When the writers of the New Testament speak of God they mean the God and Father of Our Lord Jesus Christ. When they speak of Jesus Christ, they do not speak of him, nor think of him as God. He is God’s Christ, God’s Son, God’s Wisdom, God’s Word. Even the prologue to St. John {John 1:1-18} which comes nearest to the Nicene Doctrine, must be read in the light of the pronounced subordinationism of the Gospel as a whole; and the Prologue is less explicit in Greek with the anarthrous theos [the word “god” at John 1:1c without the article] than it appears in English… The adoring exclamation of St. Thomas “my Lord and my god” (Joh. xx. 28) is still not quite the same as an address to Christ as being without qualification [limitation] God, and it must be balanced by the words of the risen Christ himself to Mary Magdalene (verse. 17) “Go unto my brethren and say to them, I ascend unto my Father and your Father, and my God and your God.” Jesus Christ is frequently spoken of in the Ignation Epistles as “our God”, “my God”, but probably never as “God” without qualification.
– John Martin Creed in The Divinity of Jesus Christ.

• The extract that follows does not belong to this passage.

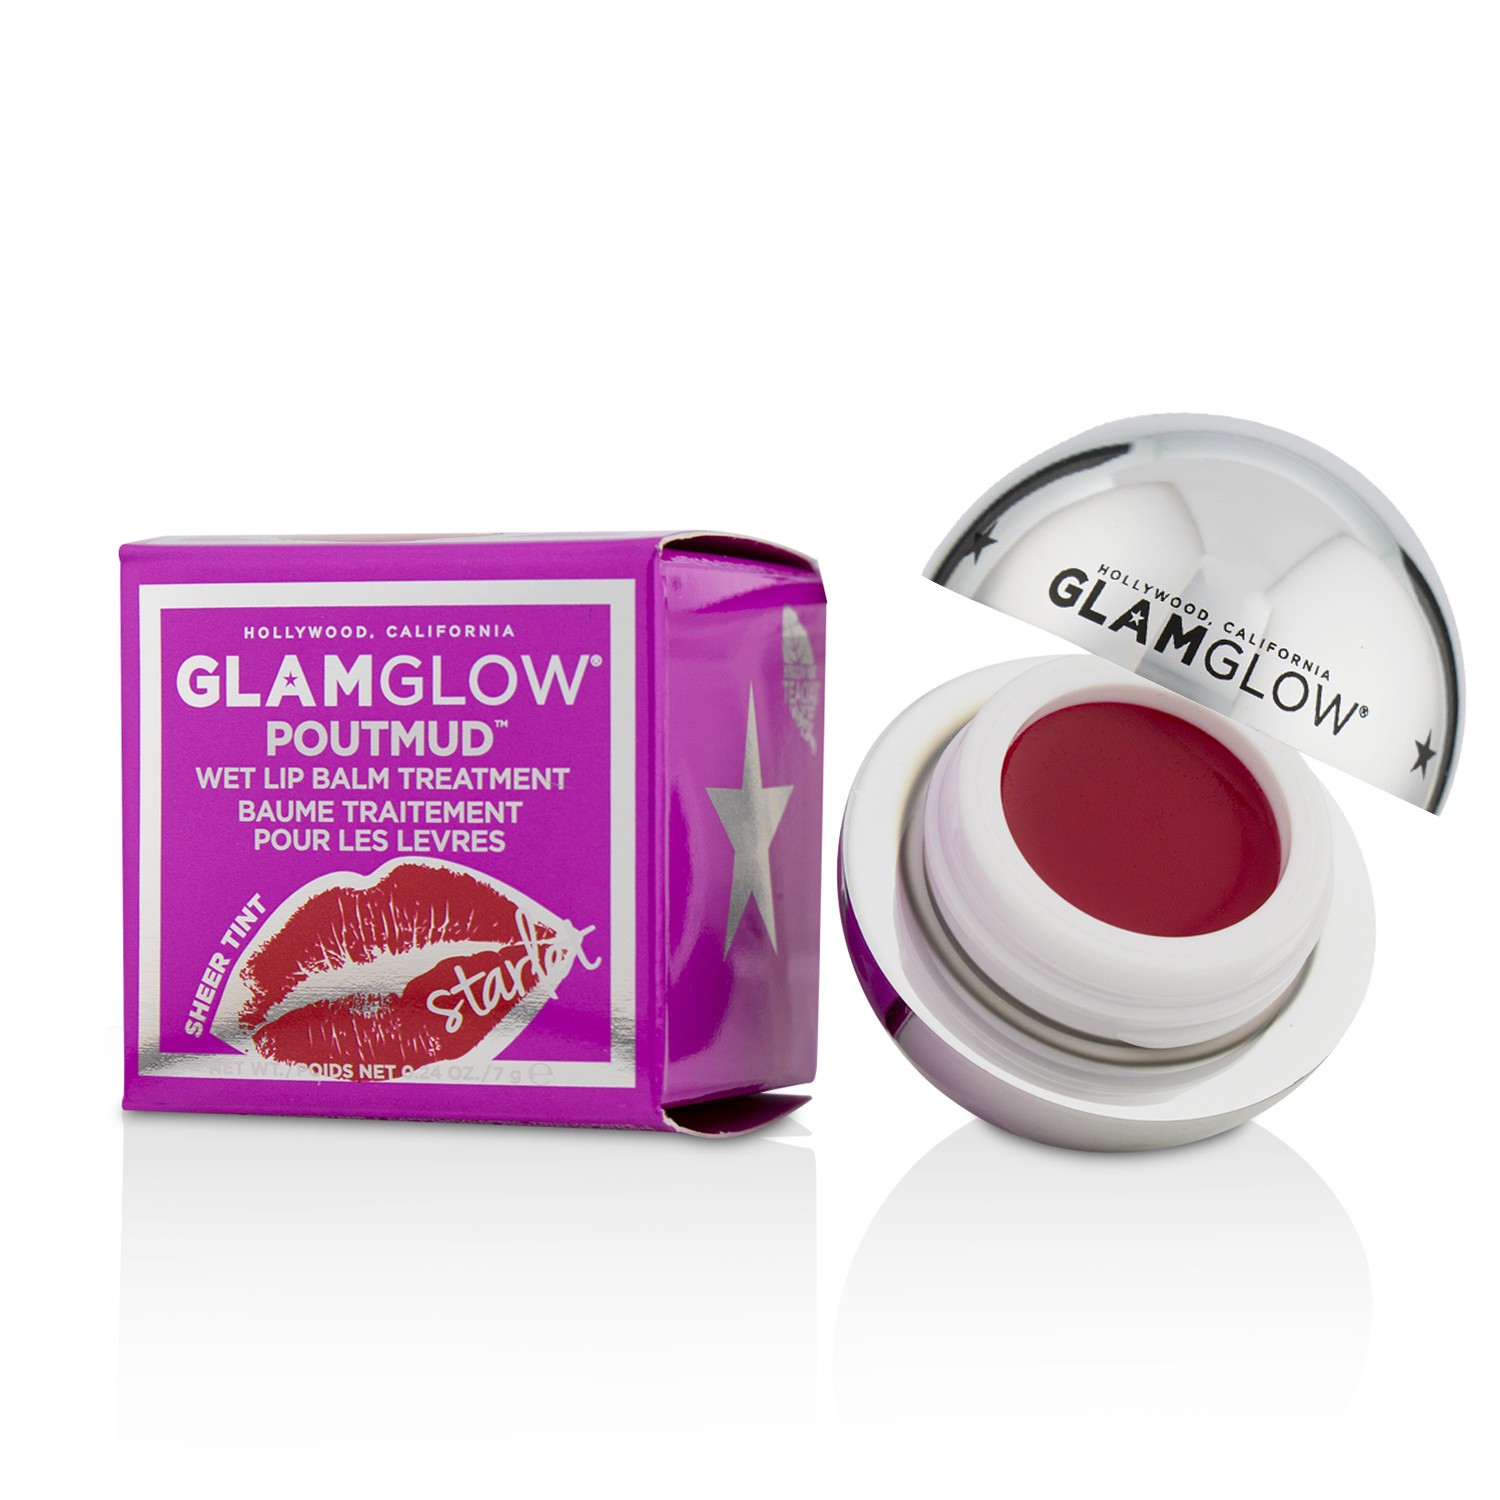 PoutMud Sheer Tint Wet Lip Balm Treatment - Starlet Glamglow Image
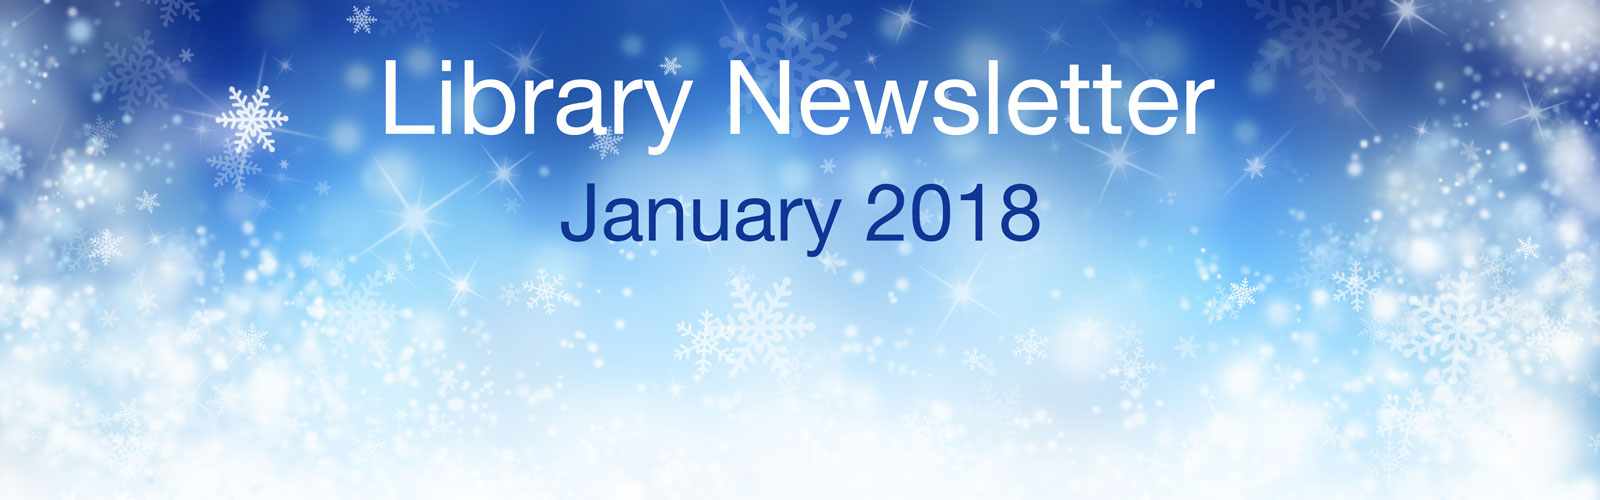 Library Newsletter - January 2018

The word for “god” in Greek is QEOS. In John 1:1 the last occurrence of QEOS is called “a predicate noun” or, “a predicate nominative”. Such a noun tells us something about the subject, instead of telling what the subject is doing. This use of QEOS has reference to the subject, the Word, and does not have the article preceding it; it is anarthrous. This indicates that it is not definite. That is to say, it does not tell what position or office or rank the subject (the Word) occupies. The verb HN “was” follows the predicate noun QEOS; this is another factor in identifying QEOS here as qualitative. This discloses the quality or character of the Word. Of course, the gentleman up above disagrees with me, and he has used Moulton and Colwell to buttress his argument. But what have other Grammarians said about this same type of construction? There is no basis for regarding the predicate theos as definite. In John 1:1 I think that the qualitative force of the predicate [noun] is so prominent that the noun cannot be regarded as definite.
-Philip Harner, Journal of Biblical Literature, Vol. 92:1, 1973, pp. 85, 7.

We must, then take Theos, without the article, in the indefinite [“qualitative” would have been a better word choice] sense of a divine nature or a divine being, as distinguished from the definite absolute God [the Father], ho Theos, the authotheos [selfgod] of Origen. Thus the Theos of John [1:1c] answers to “the image of God” of Paul, Col. 1:15.
-G. Lucke, “Dissertation on the Logos”, quoted by John Wilson in, Unitarian Principles Confirmed by Trinitarian Testimonies, p. 428.

As mentioned in the Note on 1c, the Prologue’s “The Word was God” offers a difficulty because there is no article before theos. Does this imply that “god” means less when predicated of the Word than it does when used as a name for the Father? Once again the reader must divest himself of a post-Nicene understanding of the vocabulary involved.
-Raymond E. Brown, The Anchor Bible, p. 25.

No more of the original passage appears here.